# Hindi, Punjabi, Urdu: sher/shir (tiger - lion)



## Benyameen

Greetings everyone.

Is it correct that the word shir can be used for both a tiger and a lion?

I have Dari speaking Afghan friends who use the word shir to mean lion; I wonder if its roots may include tiger as well.

Thanks for your assistance.

Ben


----------



## greatbear

Welcome, Benyameen! It is true that in colloquial/spoken Hindi, "sher" (not "shir") can mean both tiger and lion; however, the actual words are "sher" for lion and "baagh" for tiger, thus different.


----------



## Qureshpor

In both Punjabi and Urdu, to the best of my knowledge we do use "sher" for both. But if we need to distinguish the two (lion vs tiger) we say "babar sher" for lion. Also "baagh" is used for tiger as well, but I don't believe this is all that common.


----------



## greatbear

^ Note, Ben, that as far as Hindi is concerned, it's "babbar", not "babar".


----------



## UrduMedium

In Urdu, i believe sher is used for both. But it "feels" much more precise only for lion. I do not know such a precise word for Tiger in Urdu. 

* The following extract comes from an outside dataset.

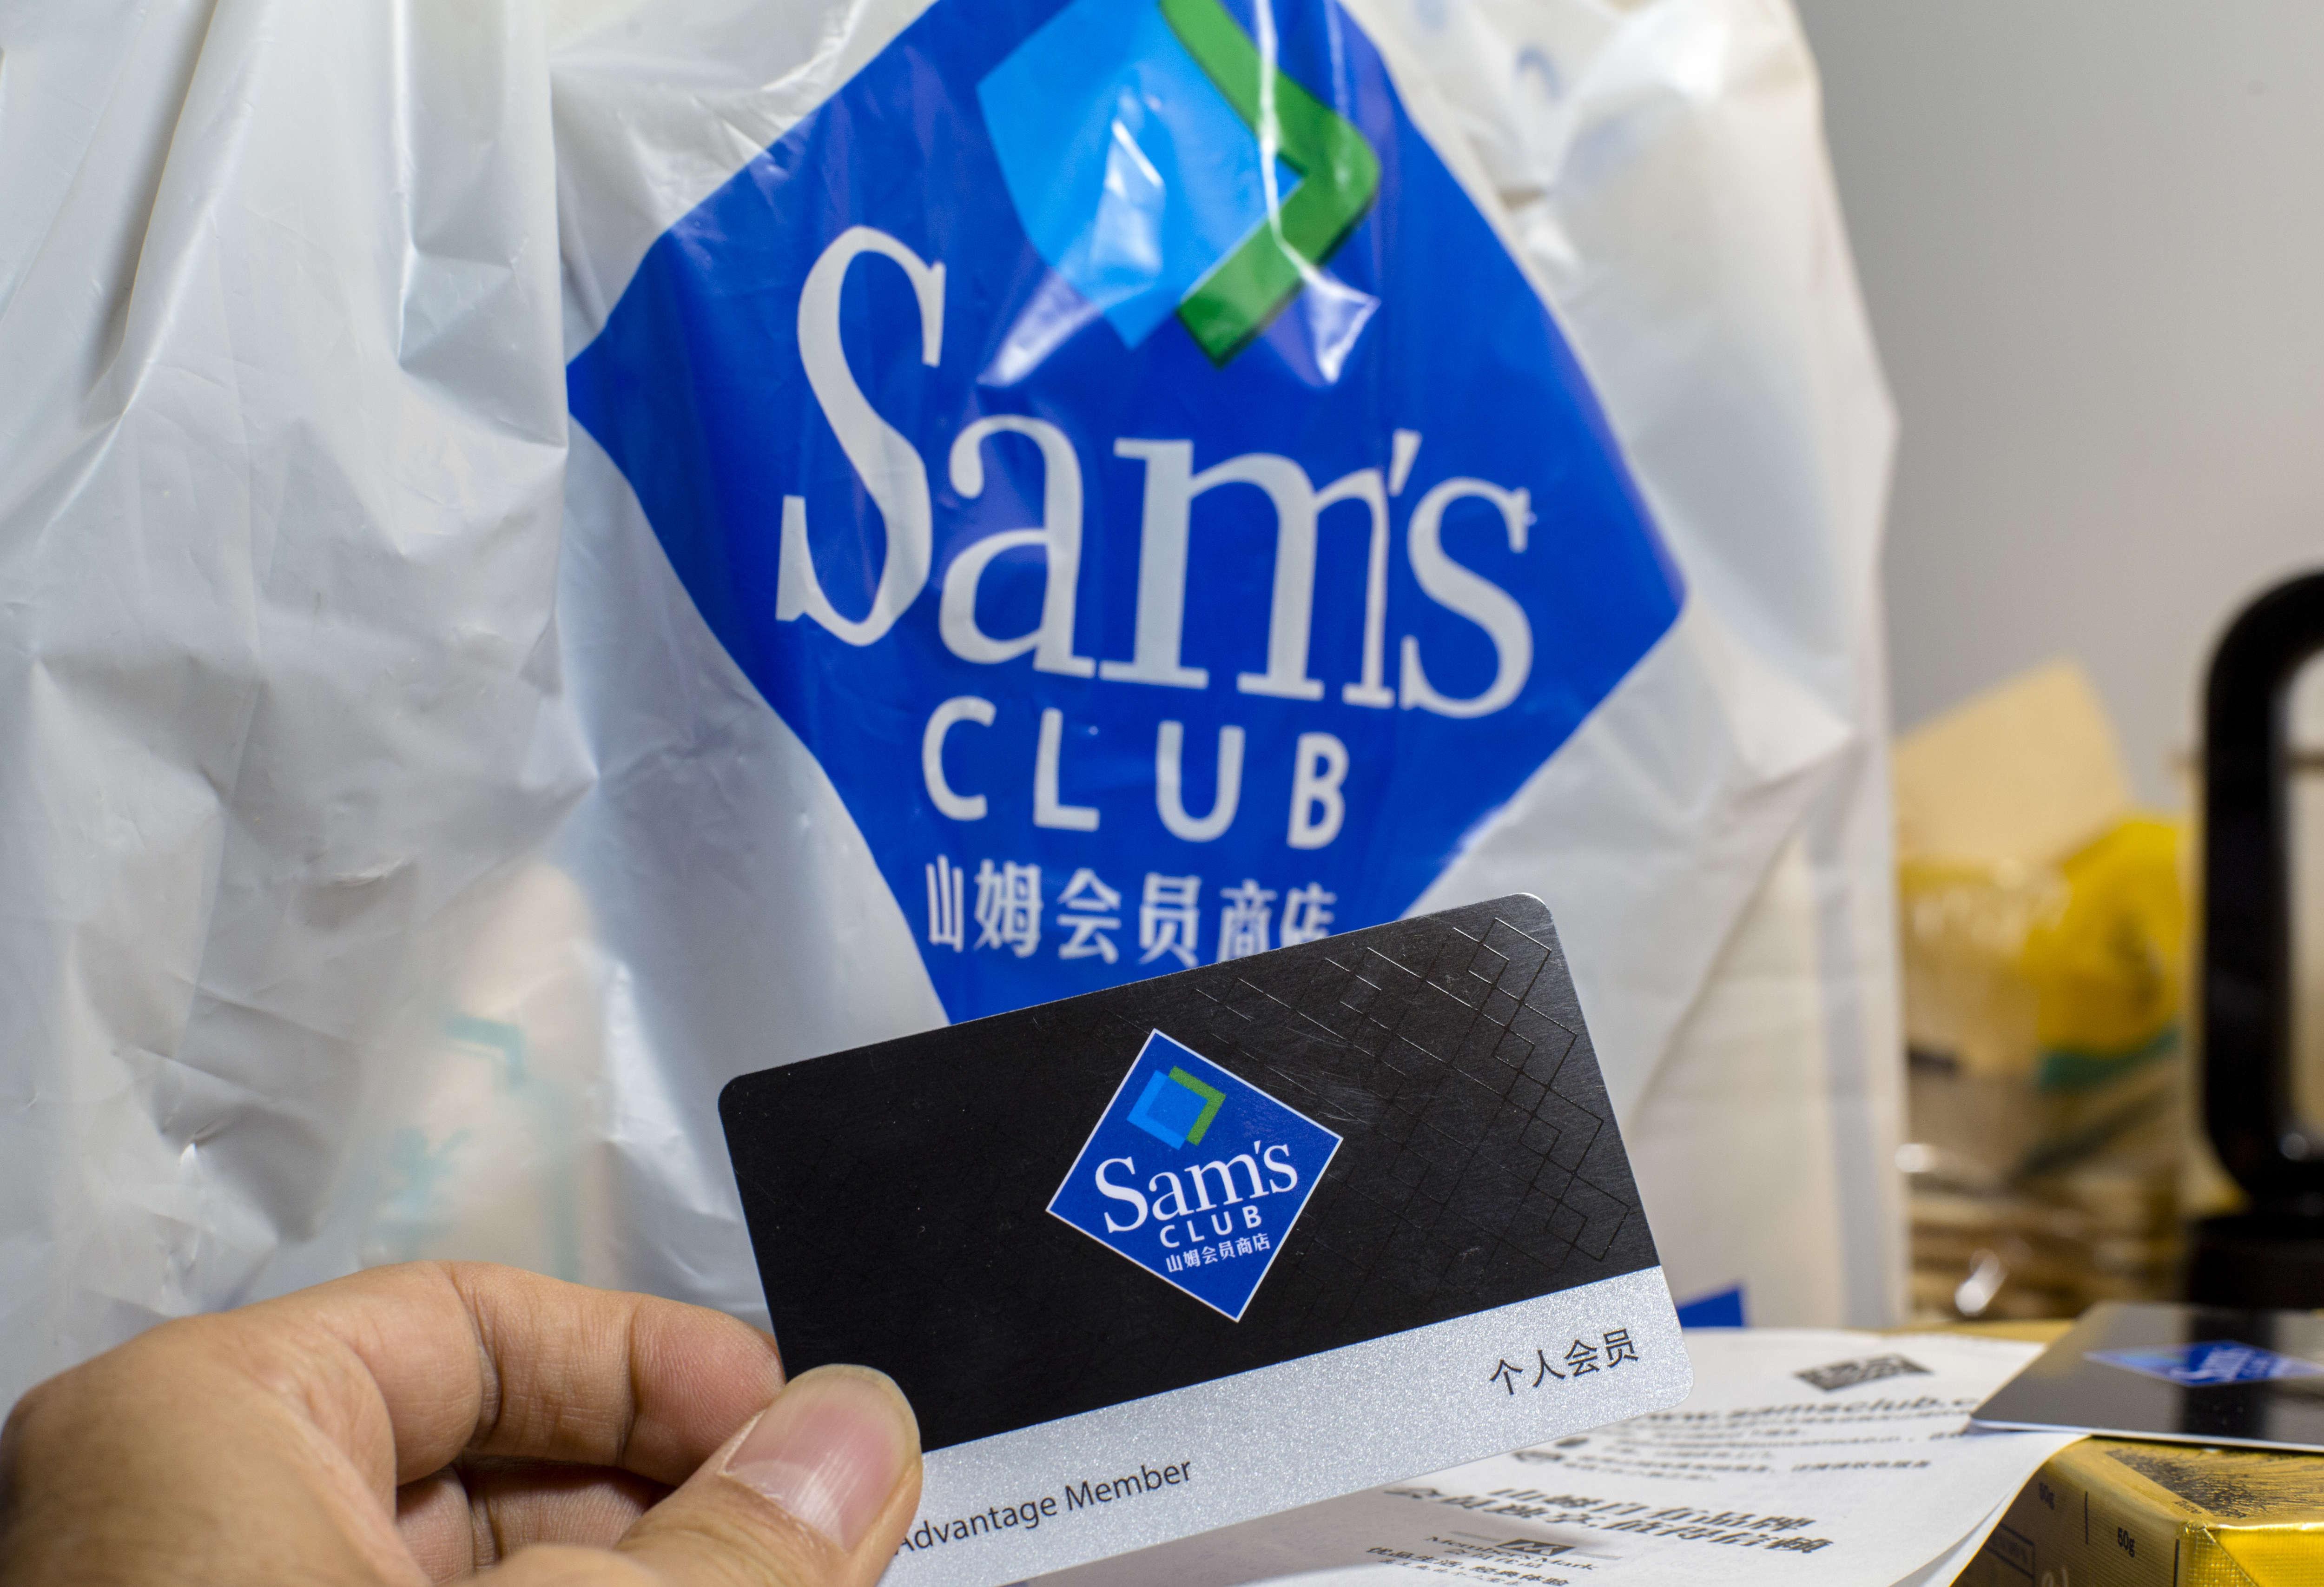 Sam's Club membership card. At present, three of the top...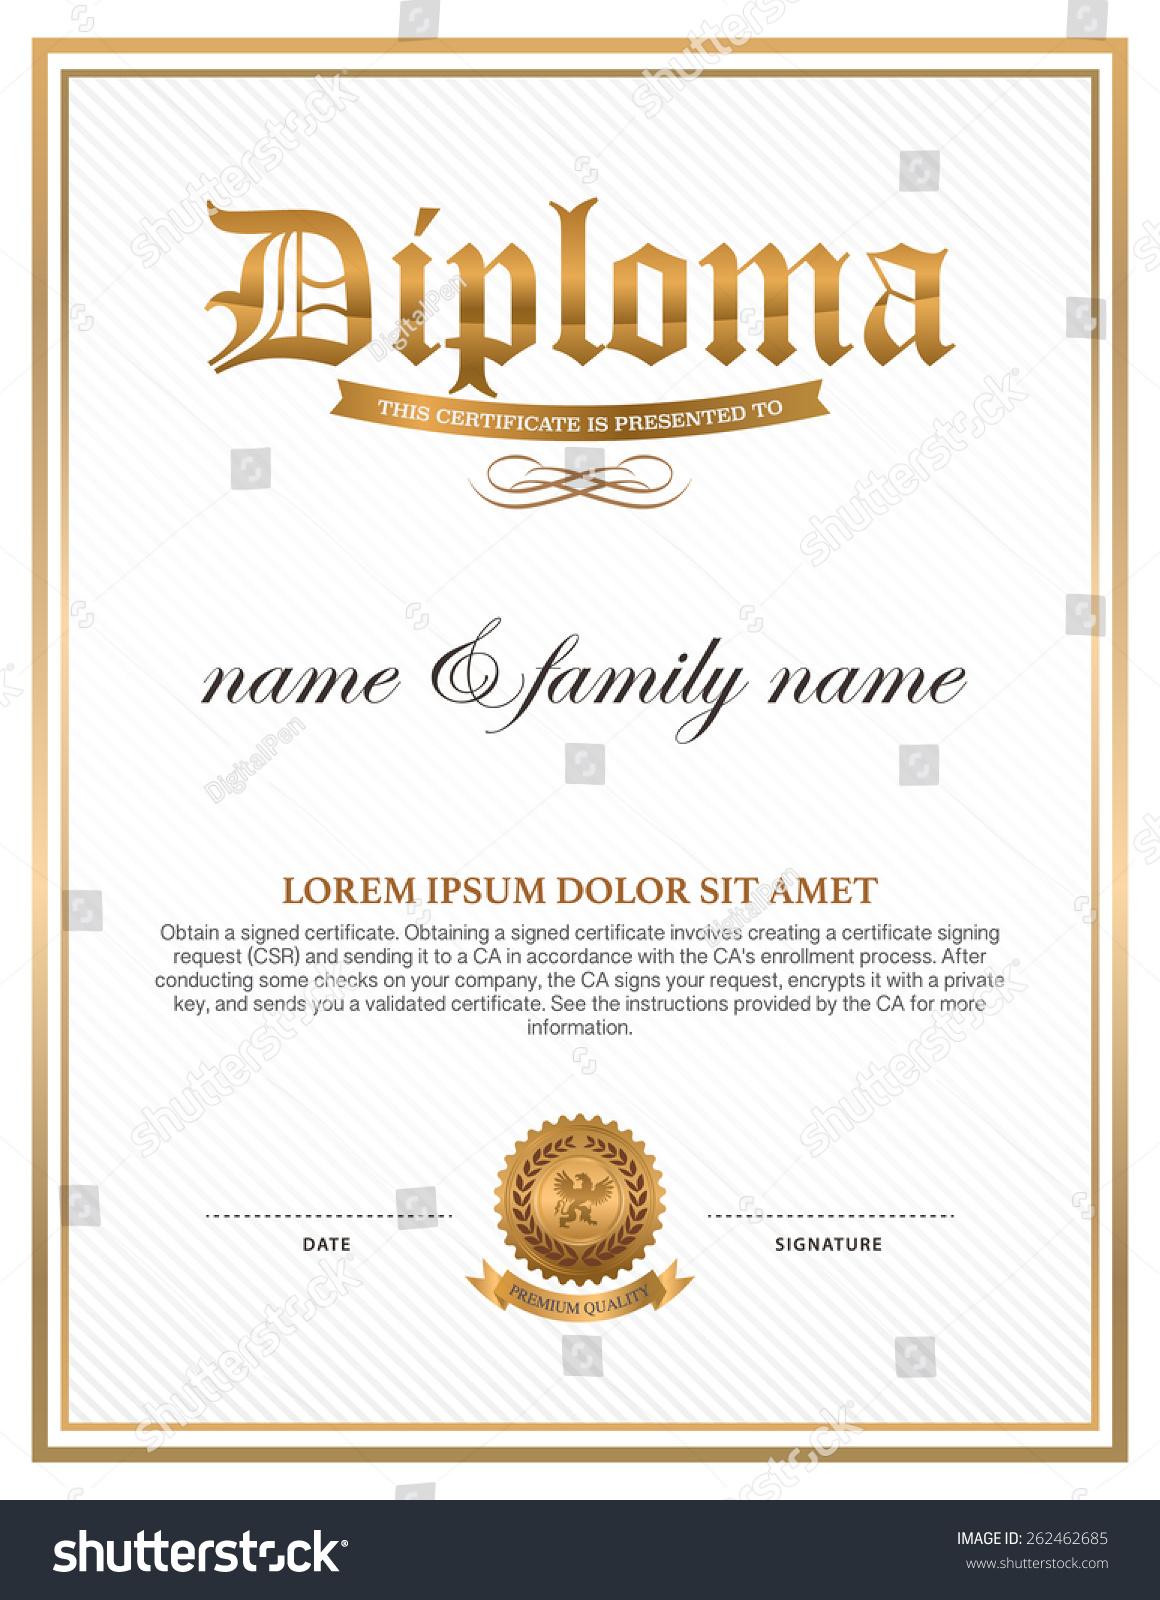 Diploma certificate design template stock vector 262462685 diploma certificate design template alramifo Images

Perhaps someone can enlighten. baagh is not commonly understood in Urdu.


----------



## UrduMedium

greatbear said:


> ^ Note, Ben, that as far as Hindi is concerned, it's "babbar", not "babar".


Both babar and babbar used in Urdu.


----------



## Benyameen

Thanks very much to you all.

 The reason that I'm asking about this is because of the nom de guerre of the Afghan mujahideen commander Ahmad Shah Massoud, Shir-e-Panjshir, the Lion of the Panjshir (Five Lions). It has always been translated into English as lion, and the Afghan Dari speakers that I know also see it as meaning lion. I knew that there were at one time Caspian tigers in Afghanistan and also that Kipling called the tiger in the Jungle Book Shere Khan... so I thought the word tiger might be more appropriate. But now I've found that apparently there were Asiatic lions until very recently in Iran (and presumably Afghanistan) as well... so maybe shir really does mean lion...

Anyhow, thanks for your time and for allowing me to participate in this amazing forum!

Ben


----------



## Benyameen

According to one online dictionary, the Dari word for tiger is also beber. I don't know if shir covers both tiger and lion in Dari; that will be one for the Dari forum. Thanks again!


----------



## Faylasoof

Please have look at this thread too!


----------



## Wolverine9

greatbear said:


> ^ Note, Ben, that as far as Hindi is concerned, it's "babbar", not "babar".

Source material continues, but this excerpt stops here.